An apology for classical longings

  

So here's a contradiction : a city flâneur with a self-avowed soft spot for chaotic neighbourhoods, one who's drawn to streets torn between decay and transformation - in short a seedy city flâneur, who nevertheless nurtures a nostalgia for classical restraint.
True, neo-classical buildings almost never are the hallmark of bustling city-life. And was a century of classicism-bashing not a good thing to get rid of rigid academism in the arts & to allow finally for life-as-it-is?
Surely, but oh - what could be more beneficial for an aimlessly boiling mind than disciplined concentration on kindred, musical forms? And don't classical rhythms & patterns always seem to have that purifying, focusing effect? I do wonder what it is with them that lays the mind to lucid rest ….

When I hadn't yet substituted the walk-back-home-from-work for an adrenaline-charged bicycle-ride, I often tried to cleanse my mind by looking very intently at the neo-classical facades along the way.
Taking in their apparent regularity first, then overcoming boredom by noticing those subtle variations, those astute dissonances that relief the repetitive symmetries. ("Le bonheur naît de ces variations, source de toute musique").
Kneading geometrical forms into flowing patterns that match the organic mind's need for living rhythms - acknowledging the eye's need to play without renouncing geometry's dignity : (neo-)classical aesthetics know all about that re-assuring happiness.
I don't think of neo-classicism as mere academism or unimaginative plagiarism - its anachronistic sensibility is inspired by a nostalgia for classical perfection that is perhaps more permanent than the heroic illusion of the true high classical periods.
The bland regularity and shallow decorations of many contemporary (or temporary?) office-buildings couldn't ever command anything more than peremptory attention, they couldn't ever produce such relief & clarity in the onlooker's mind.
The eye just bounces off them, frustrated or even pained by such disregard for its needs.
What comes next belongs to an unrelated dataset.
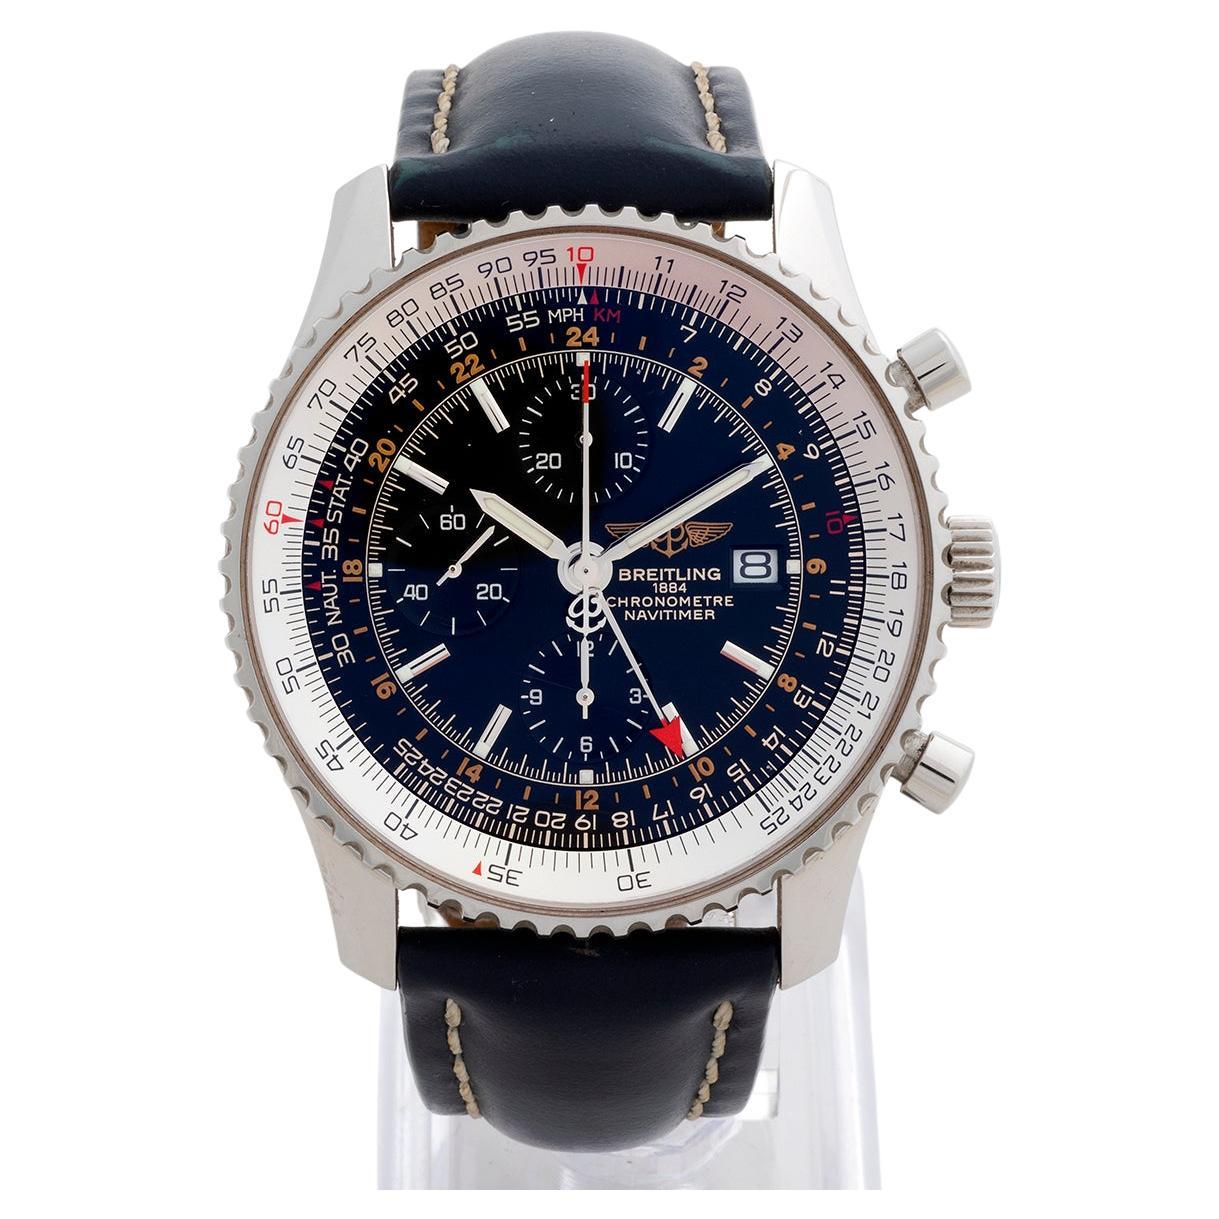 Our Breitling Navitimer GMT / World reference A24422 (A24322B726) is the best combination and features a 46mm stainless steel case with black dial, blue leather strap and folding clasp. Presented in excellent condition with light signs of use, this
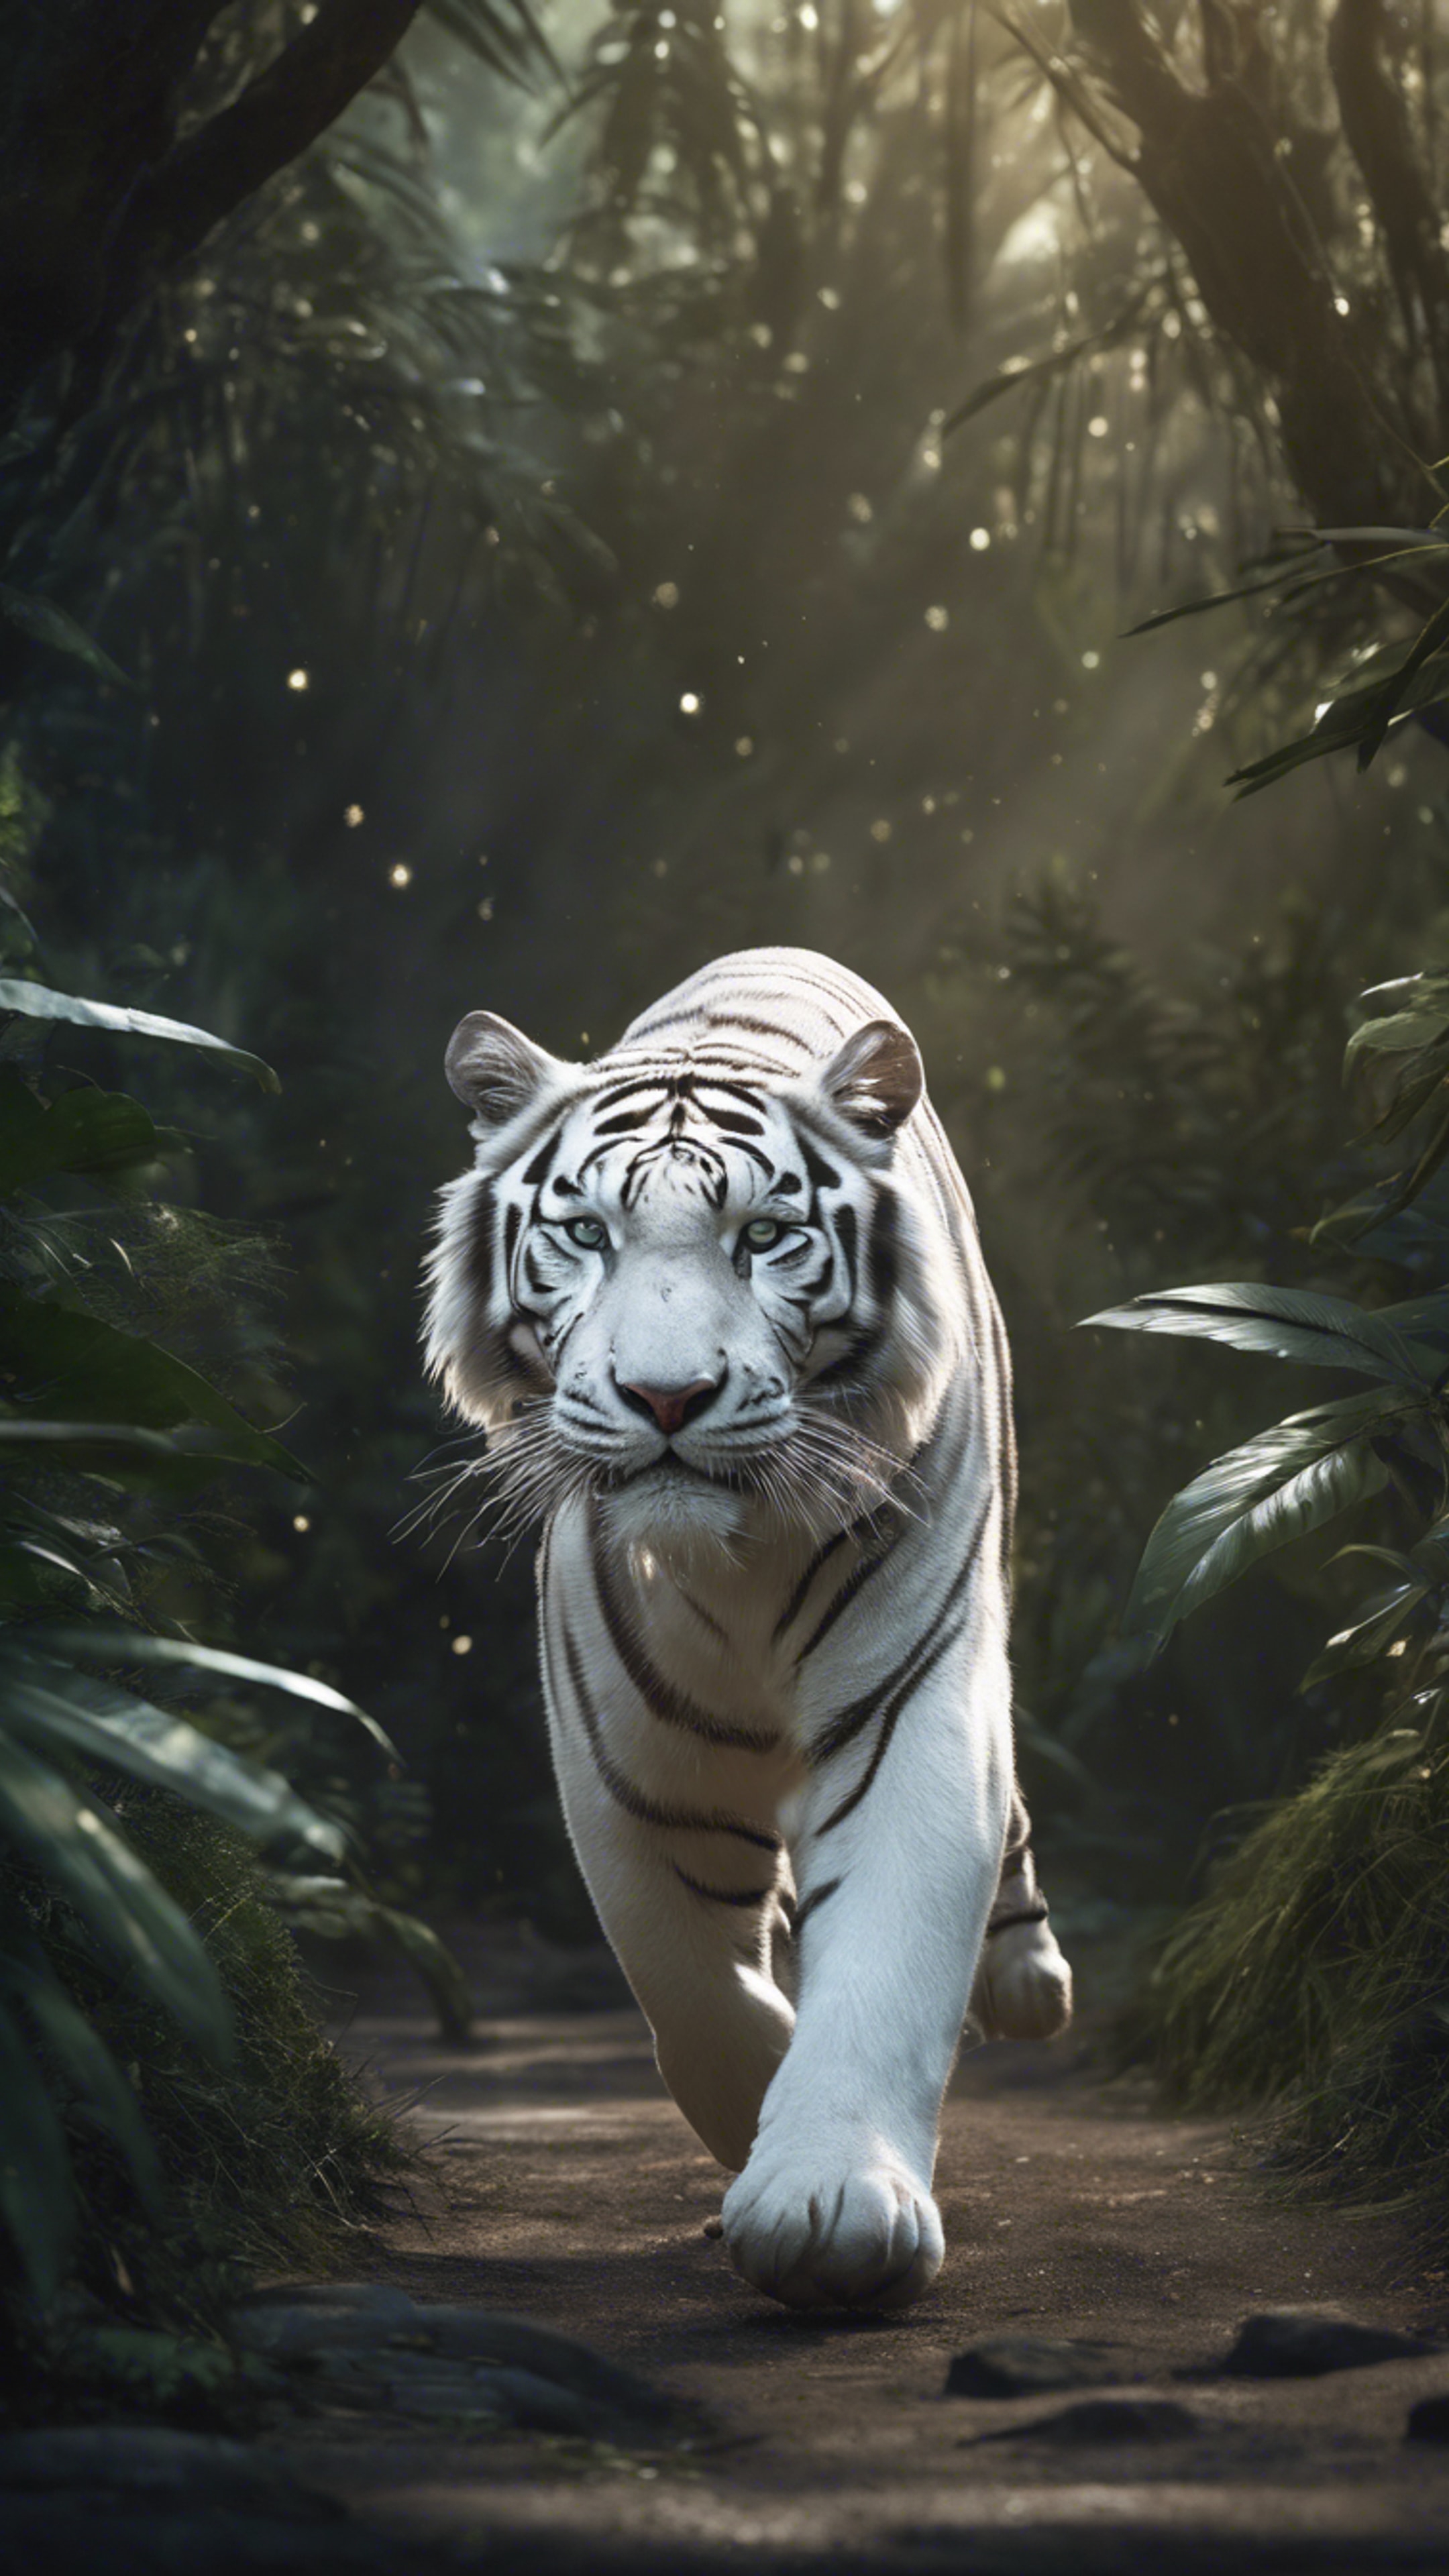 A cool white tiger, with silver stripes, strides powerfully through a moonlit jungle. Wallpaper[5d9925a4be334da199e0]

So I like to feed on a classical sense of proportion wherever I can find it, in music, poetry and architecture. And so I suffer gladly even the most overbearing, resplendent buildings of the 19th century.
And yet all the while my first loyalty as an observer and flâneur lies with those many rambling streets vulnerable to the vagaries of a neighbourhood's history, savouring their sense of organic disorder. But what could be nicer than discovering in the midst of turmoil and decay some graceful formal pattern, some traces of geometry's dignity?